» **Exercise prompt**
Images should not appear in the copy, yet every line of the listing below must be printed exactly.

» **Information shown**
BEGIN
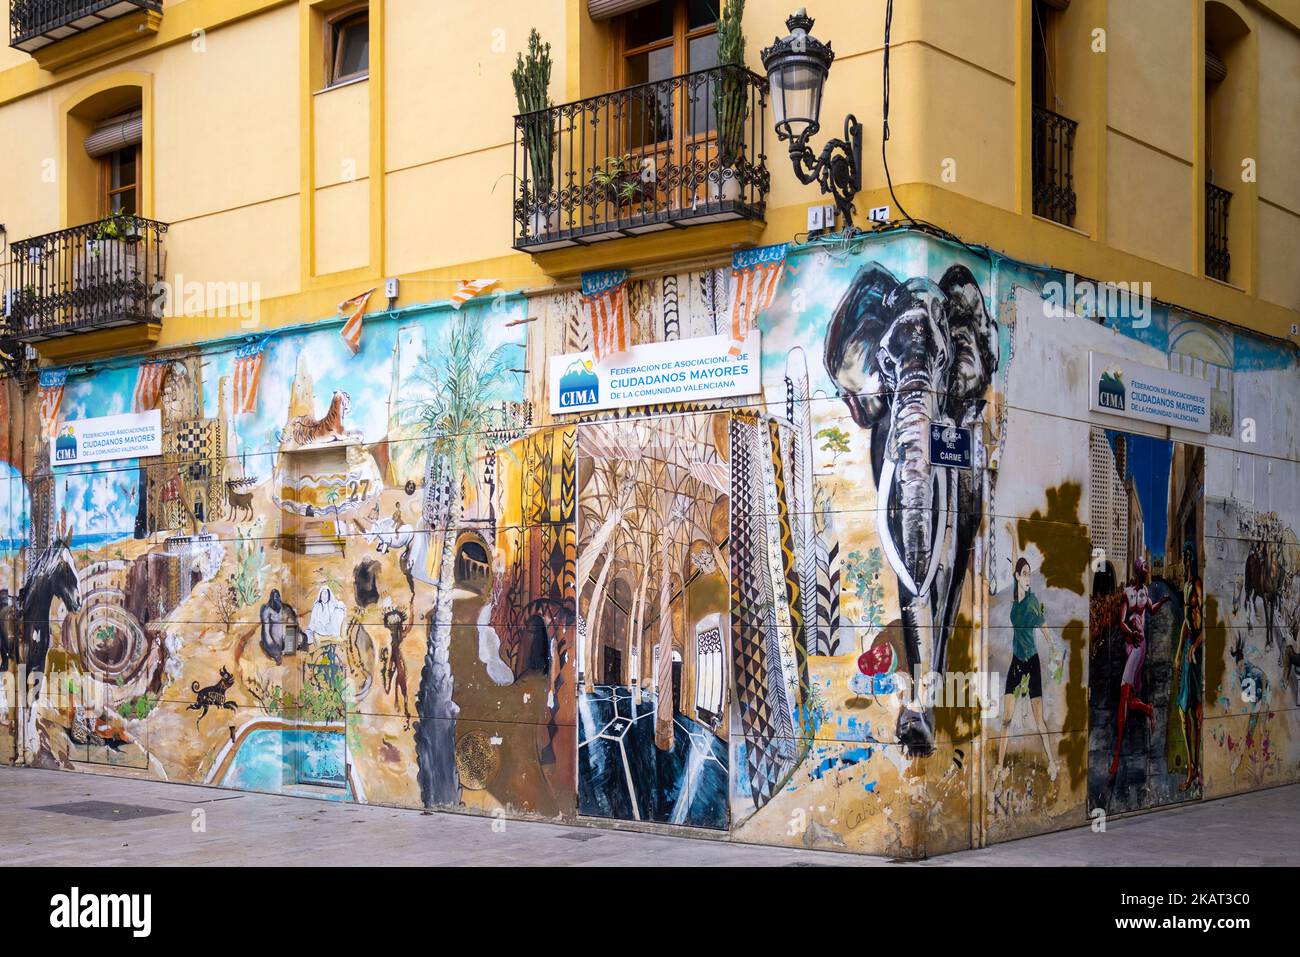 Graffiti on wall, Placa del Carme, Valencia, Spain Stock Photo
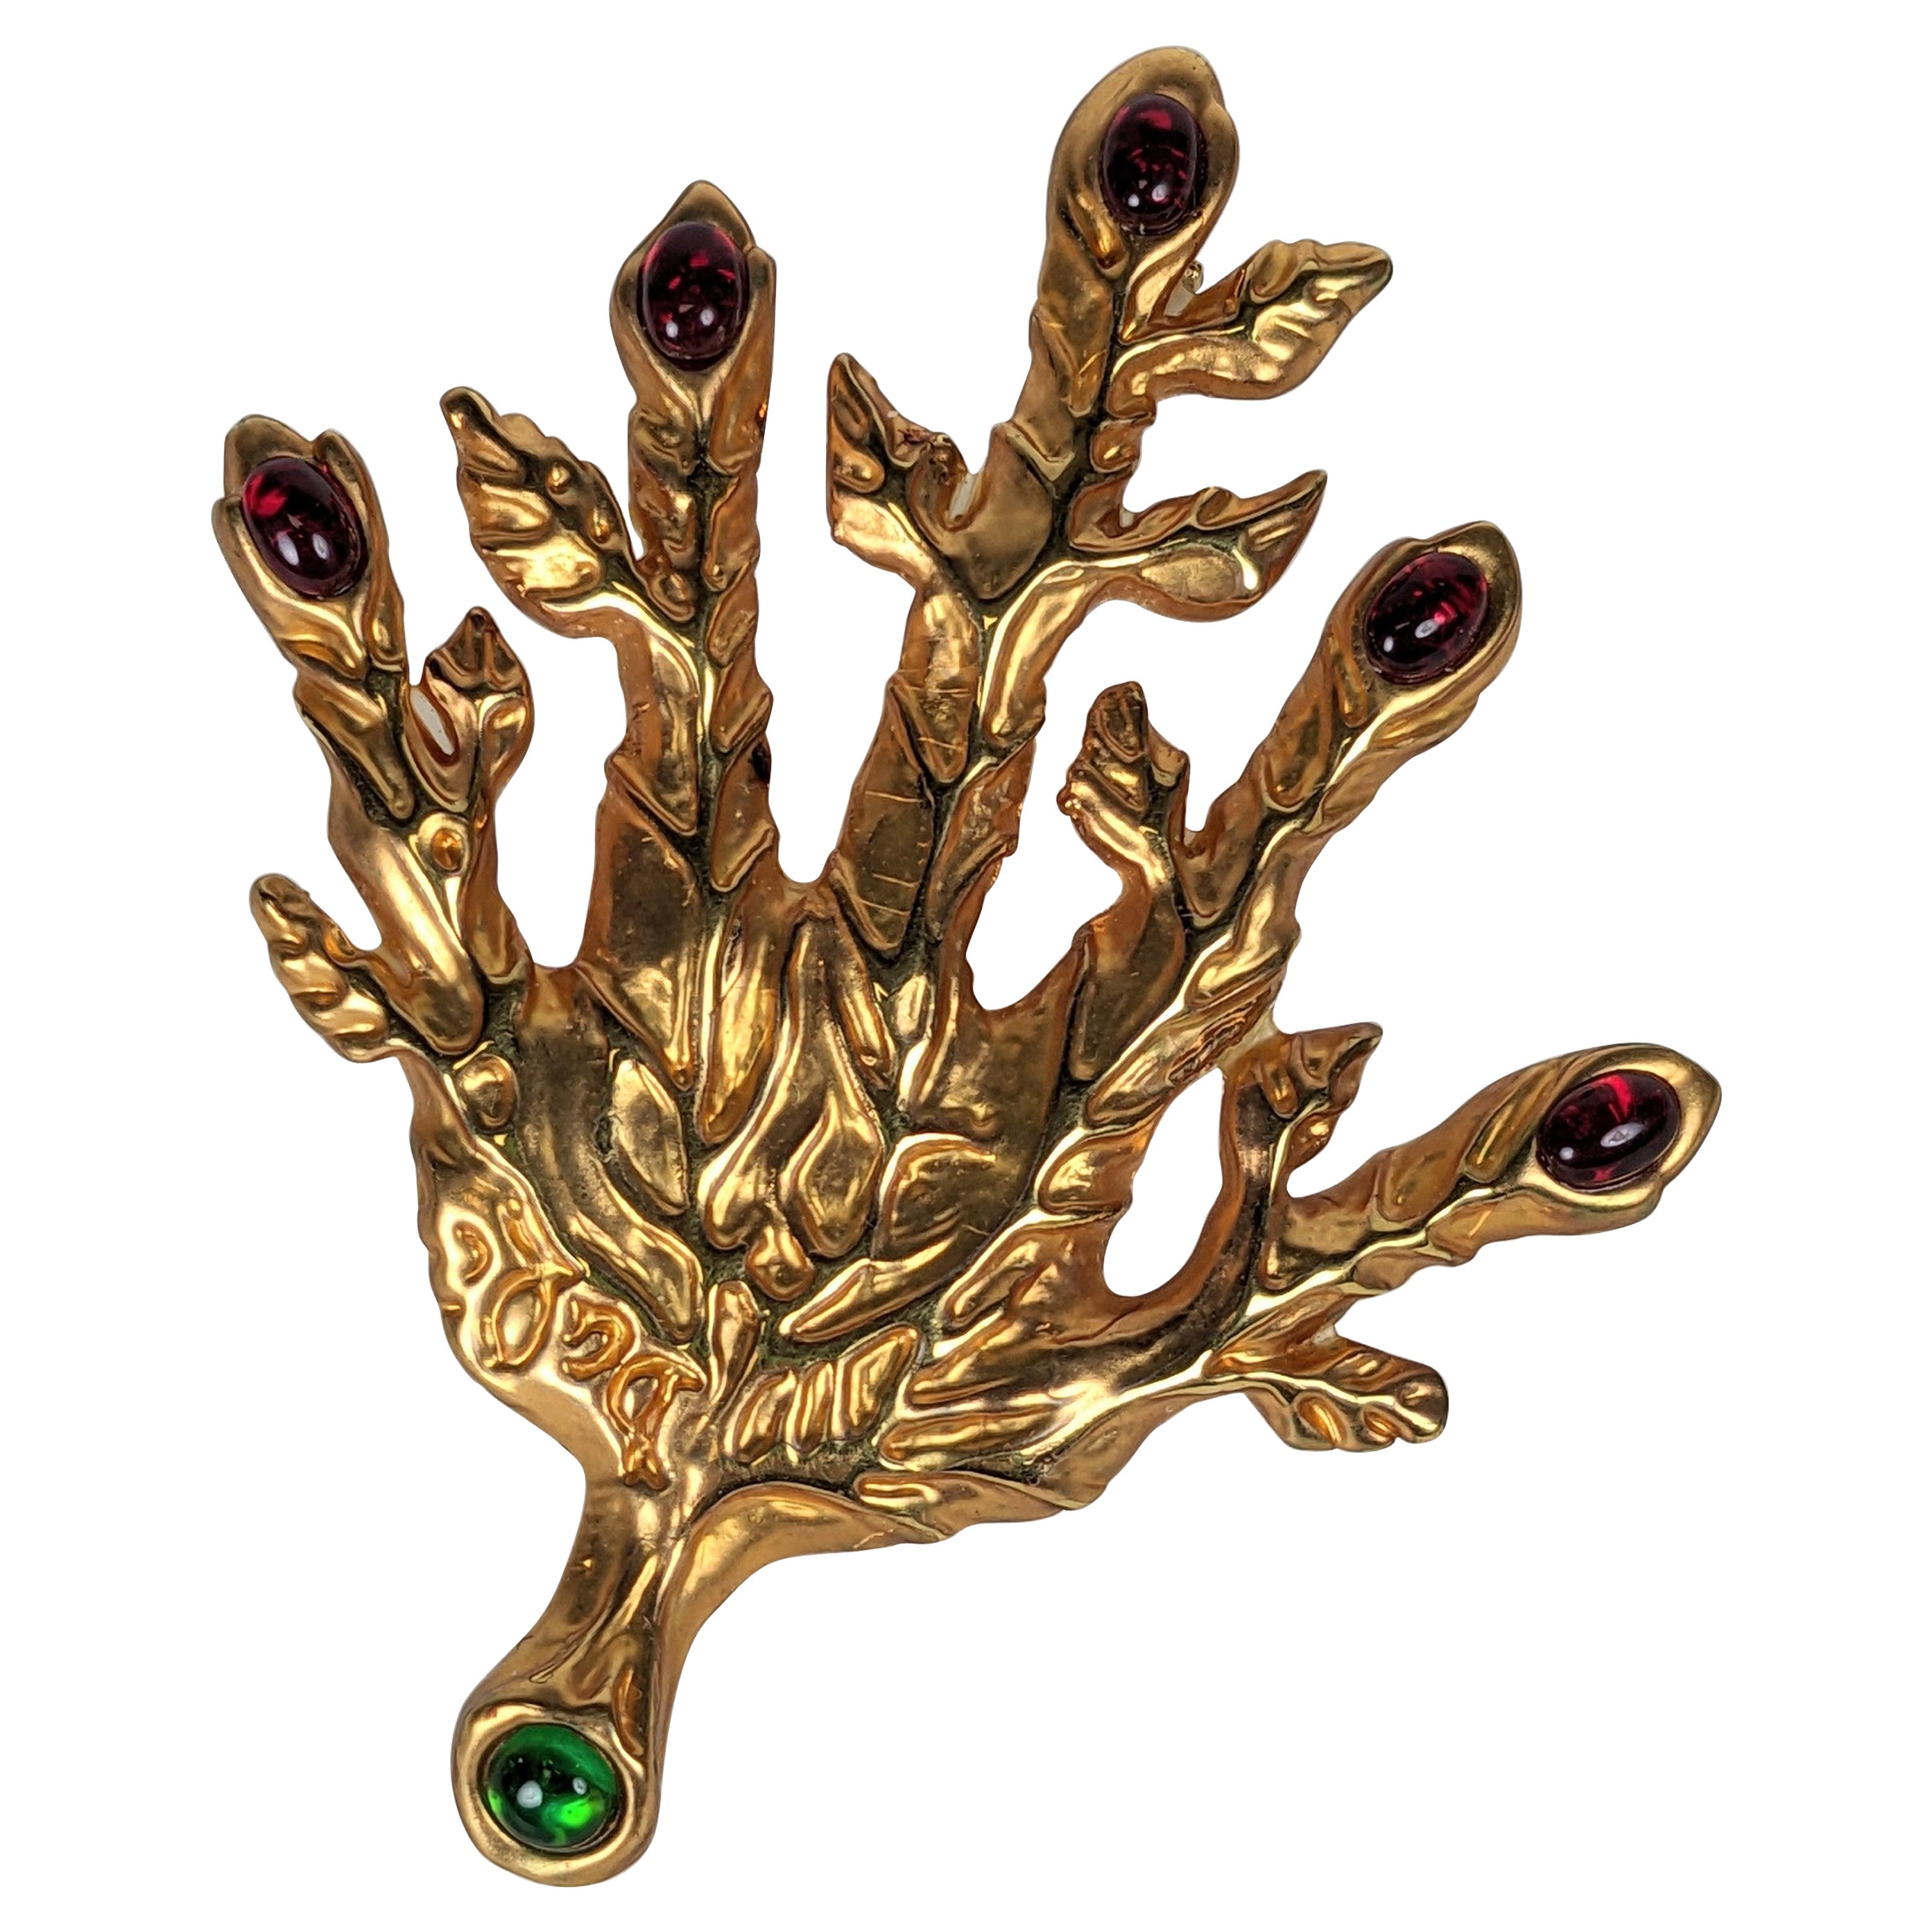 Did Salvador Dali create jewelry?
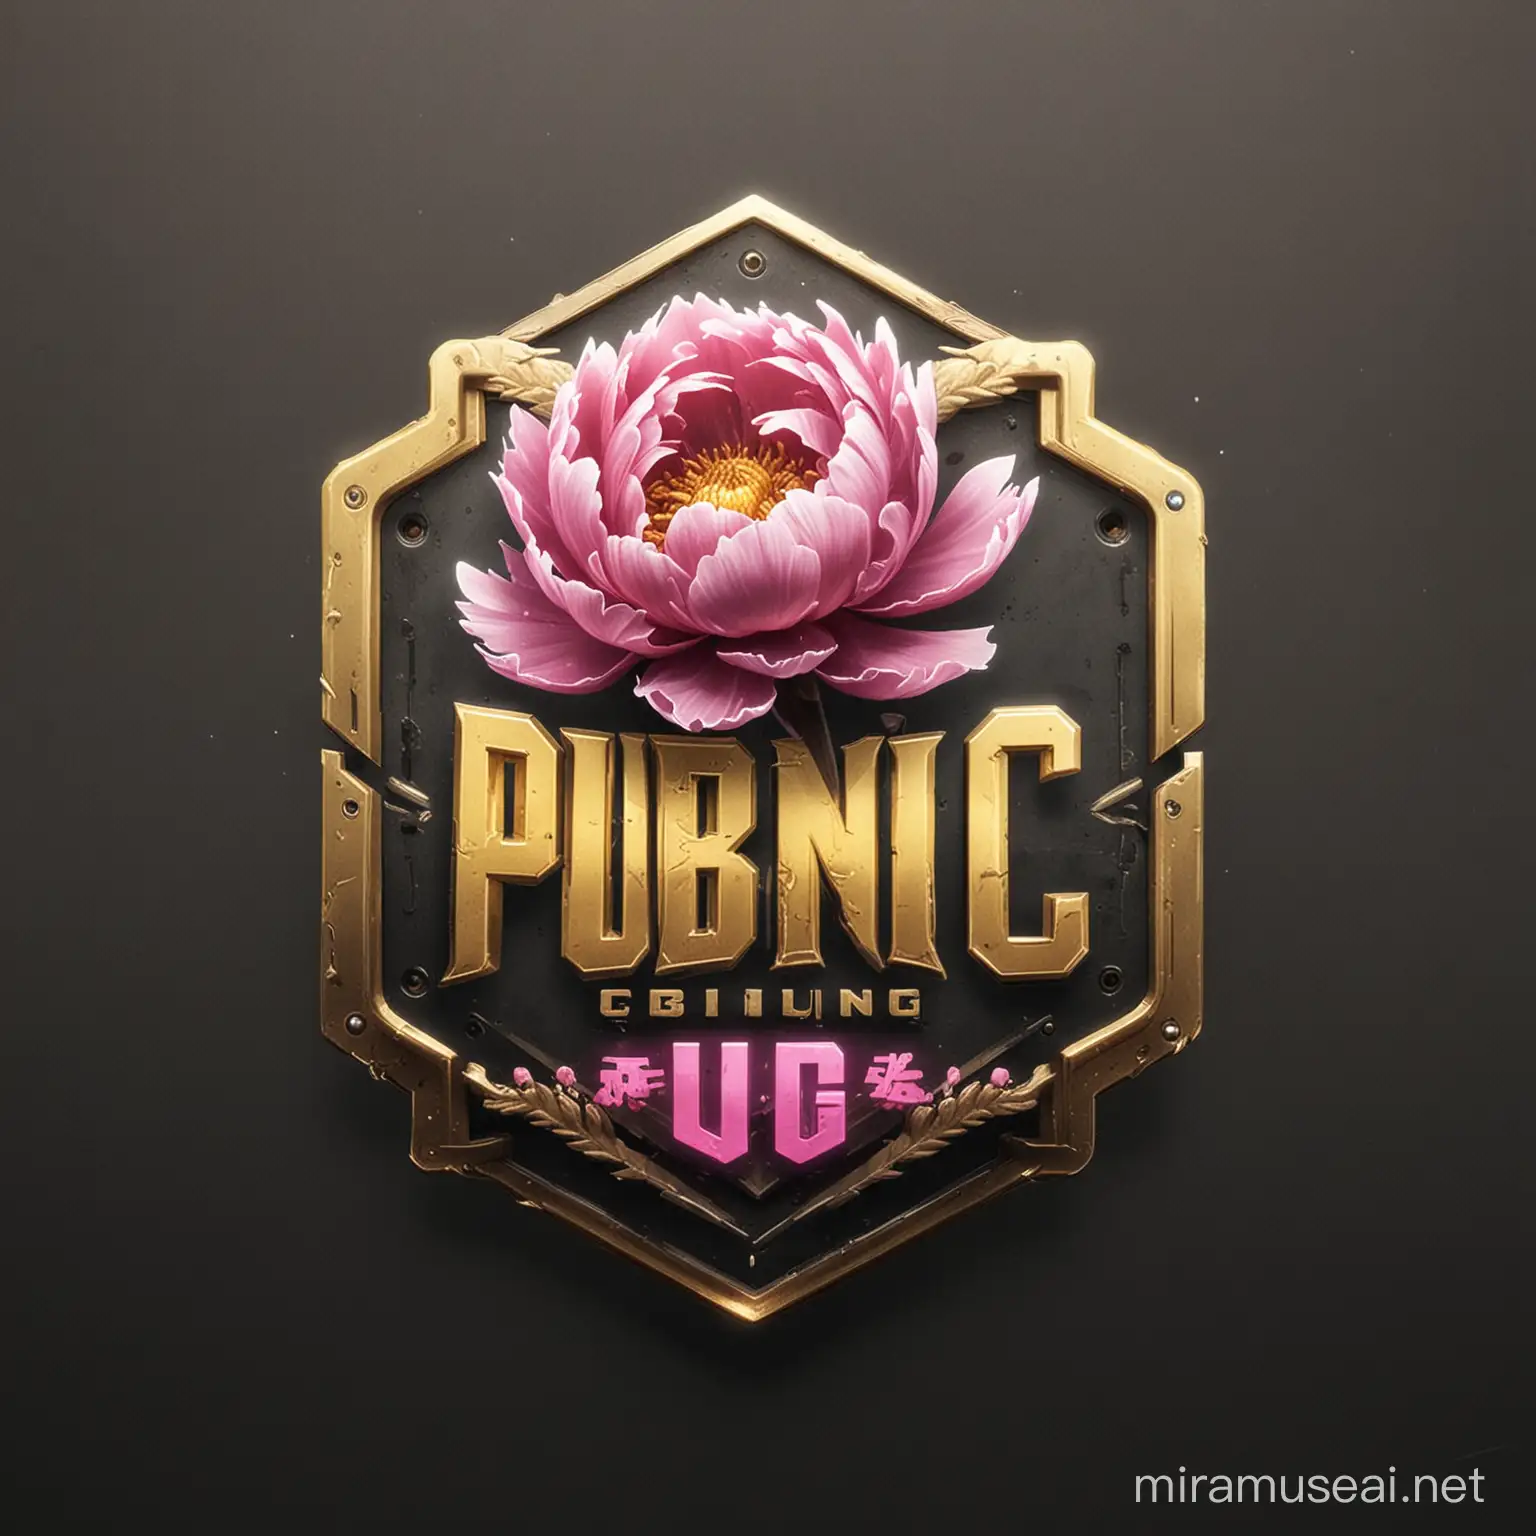 UC PUBG with peonie logo
END
» **Solution below**
 Graffiti on wall, Placa del Carme, Valencia, Spain Stock Photo
 Did Salvador Dali create jewelry?
 UC PUBG with peonie logo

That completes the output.